▶ [Data section]:
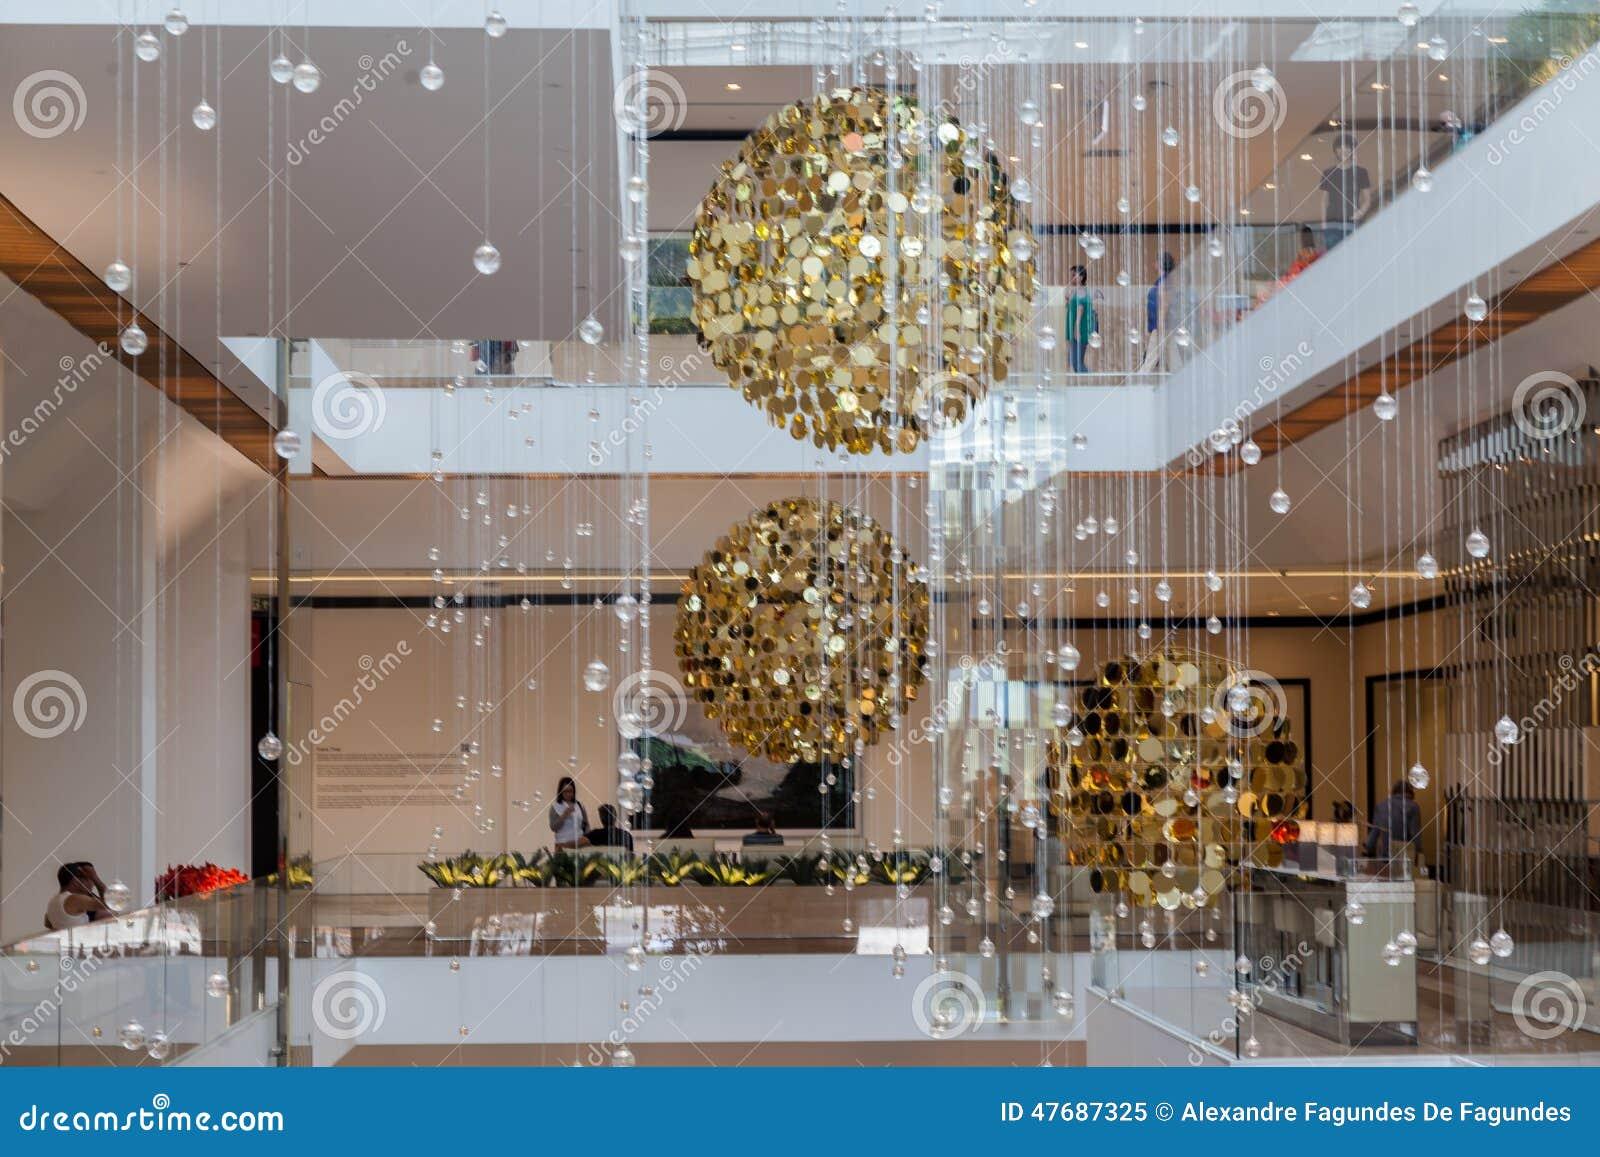 Christmas Hanging Ceiling Decorations Christmas Decoration Jk Mall Sao Paulo Editorial Image  Image .
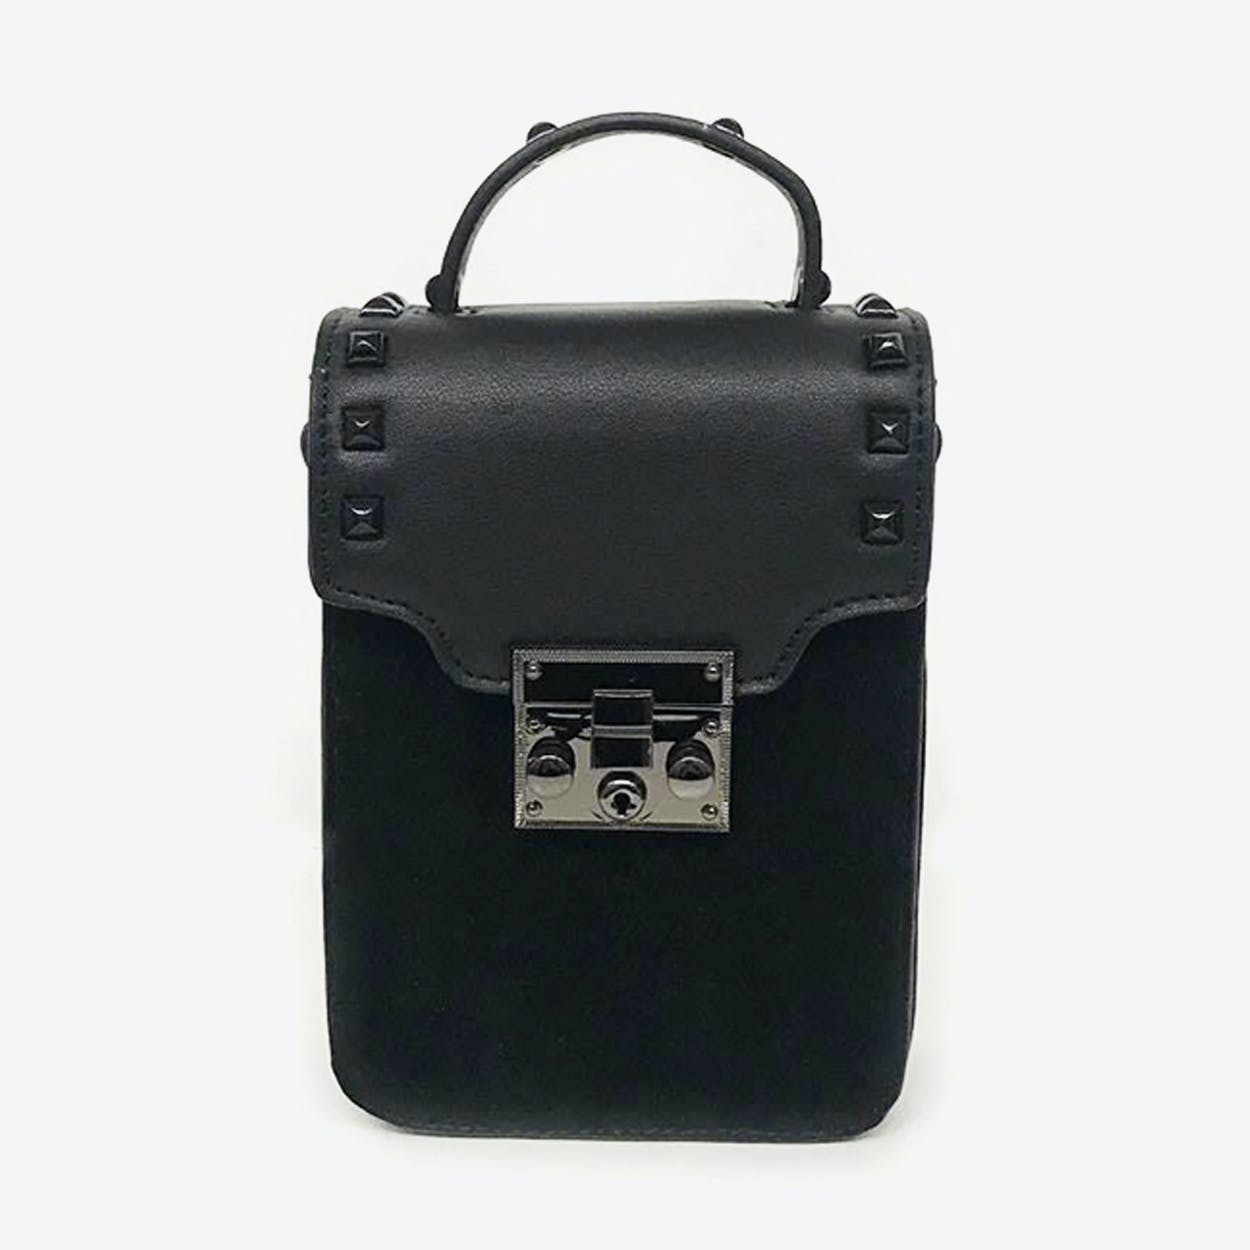 Antony Black 3.1 Crossbody Bag
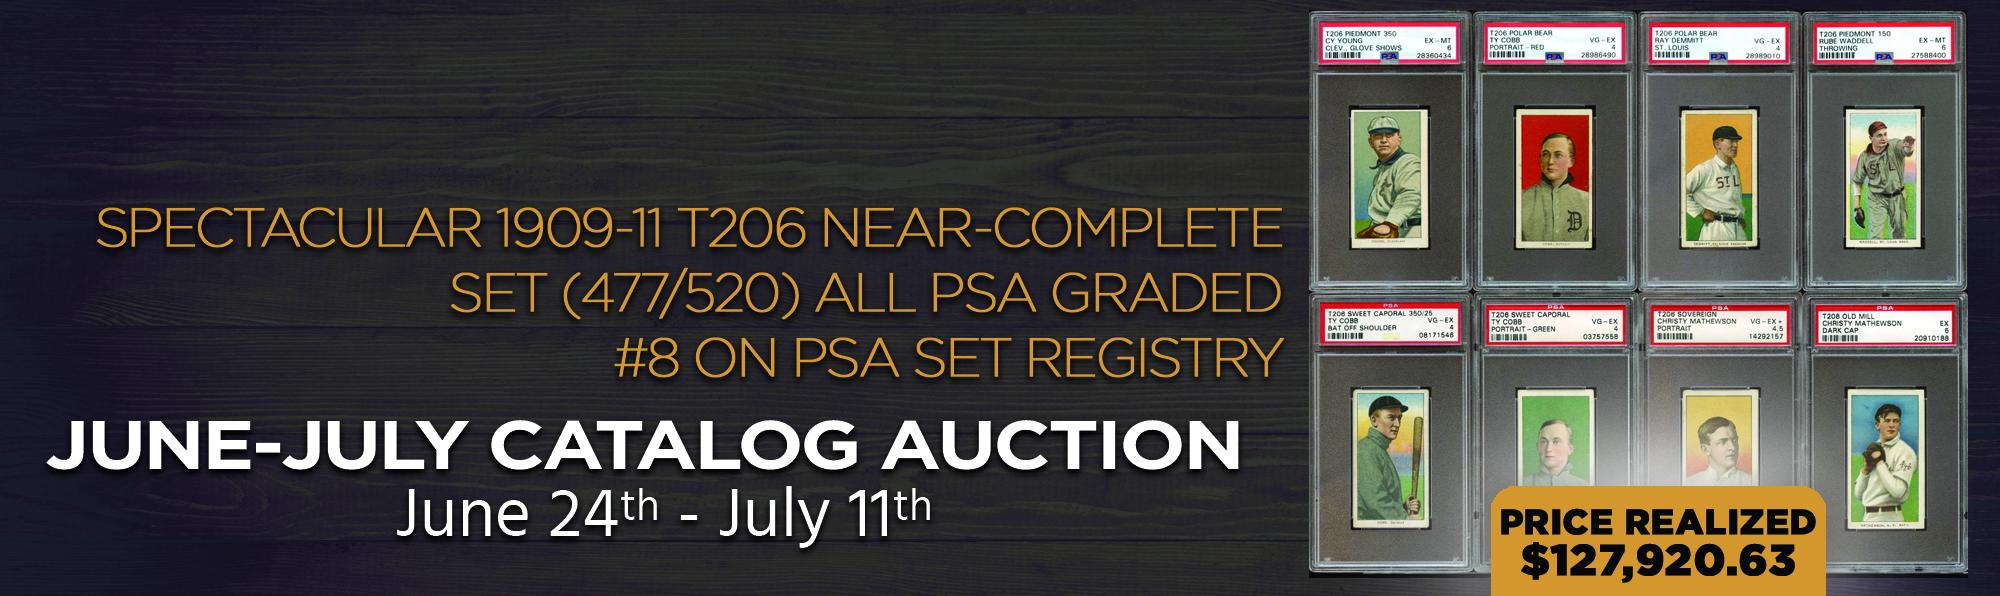 Spectacular 1909-11 T206 Near-Complete Set (477/520) All PSA Graded #8 on PSA Set Registry
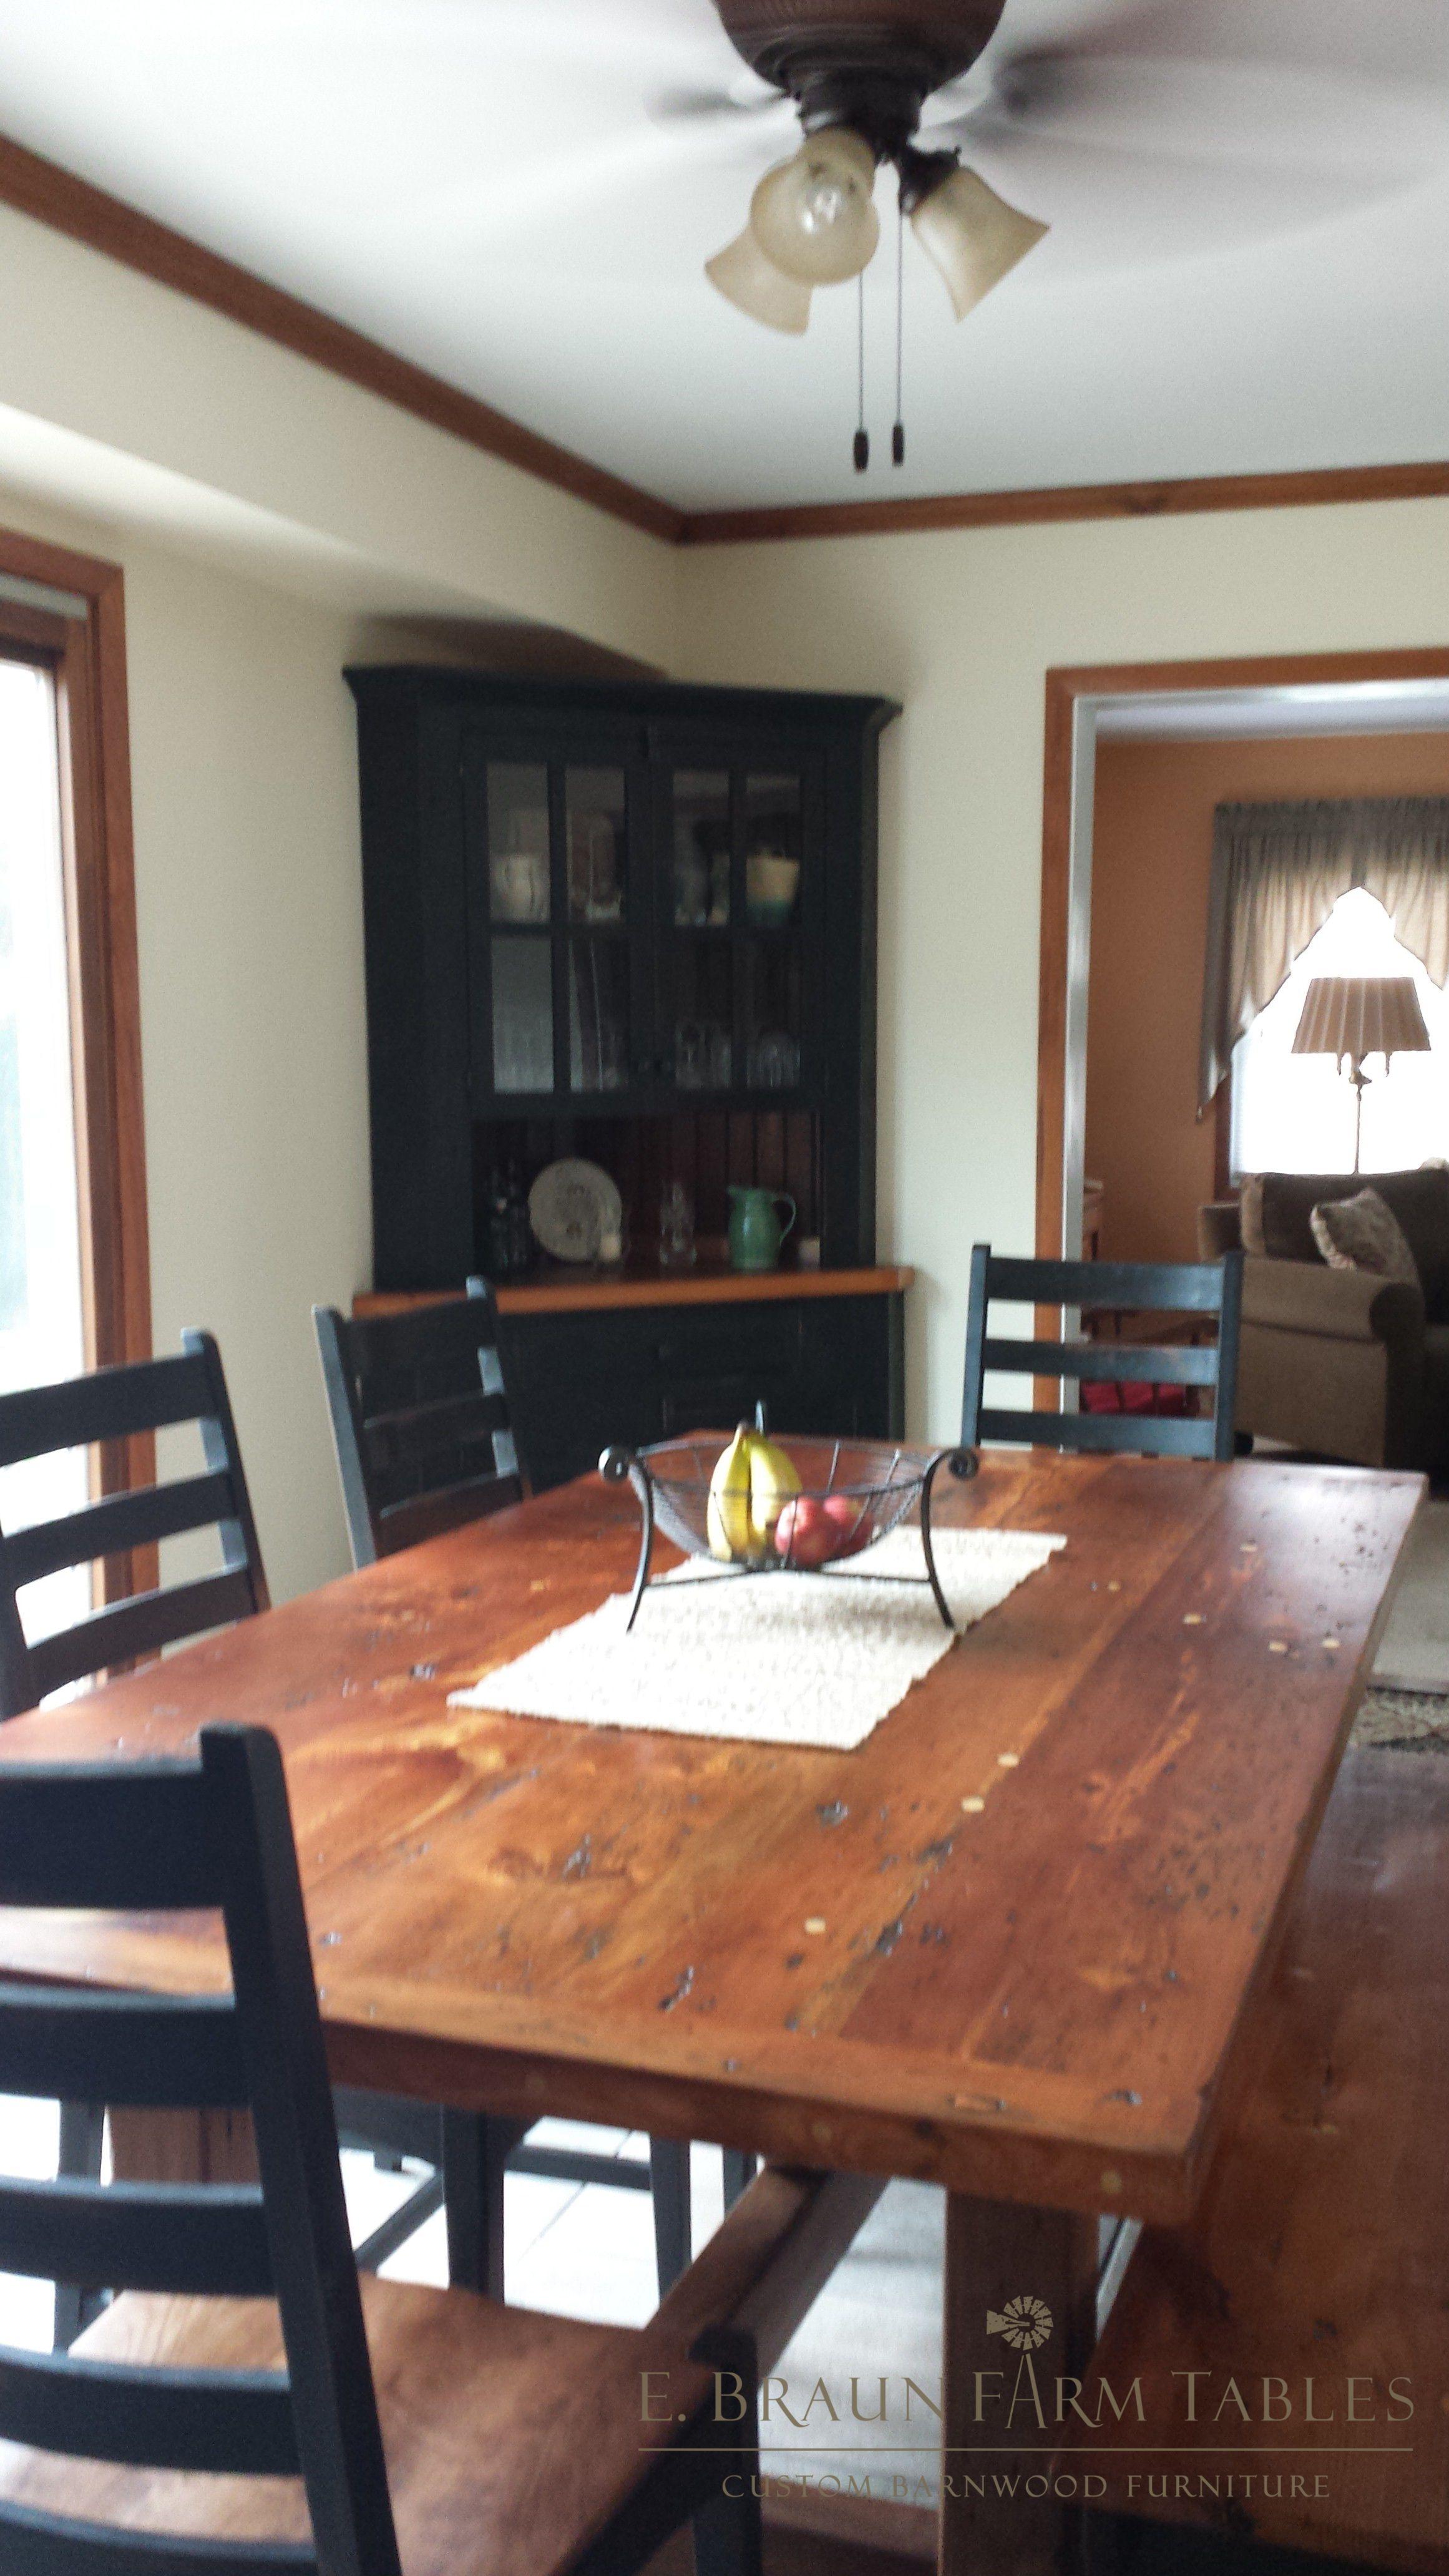 Sawbuck Trestle Table Corner Cabinet Bench Chairs E Braun Farm Tables

▶ [What the task requires]: An exact reproduction of the material is needed, without its images.

▶ [Problem solution]:
 Christmas Hanging Ceiling Decorations Christmas Decoration Jk Mall Sao Paulo Editorial Image  Image .
 Antony Black 3.1 Crossbody Bag
 Spectacular 1909-11 T206 Near-Complete Set (477/520) All PSA Graded #8 on PSA Set Registry
 Sawbuck Trestle Table Corner Cabinet Bench Chairs E Braun Farm Tables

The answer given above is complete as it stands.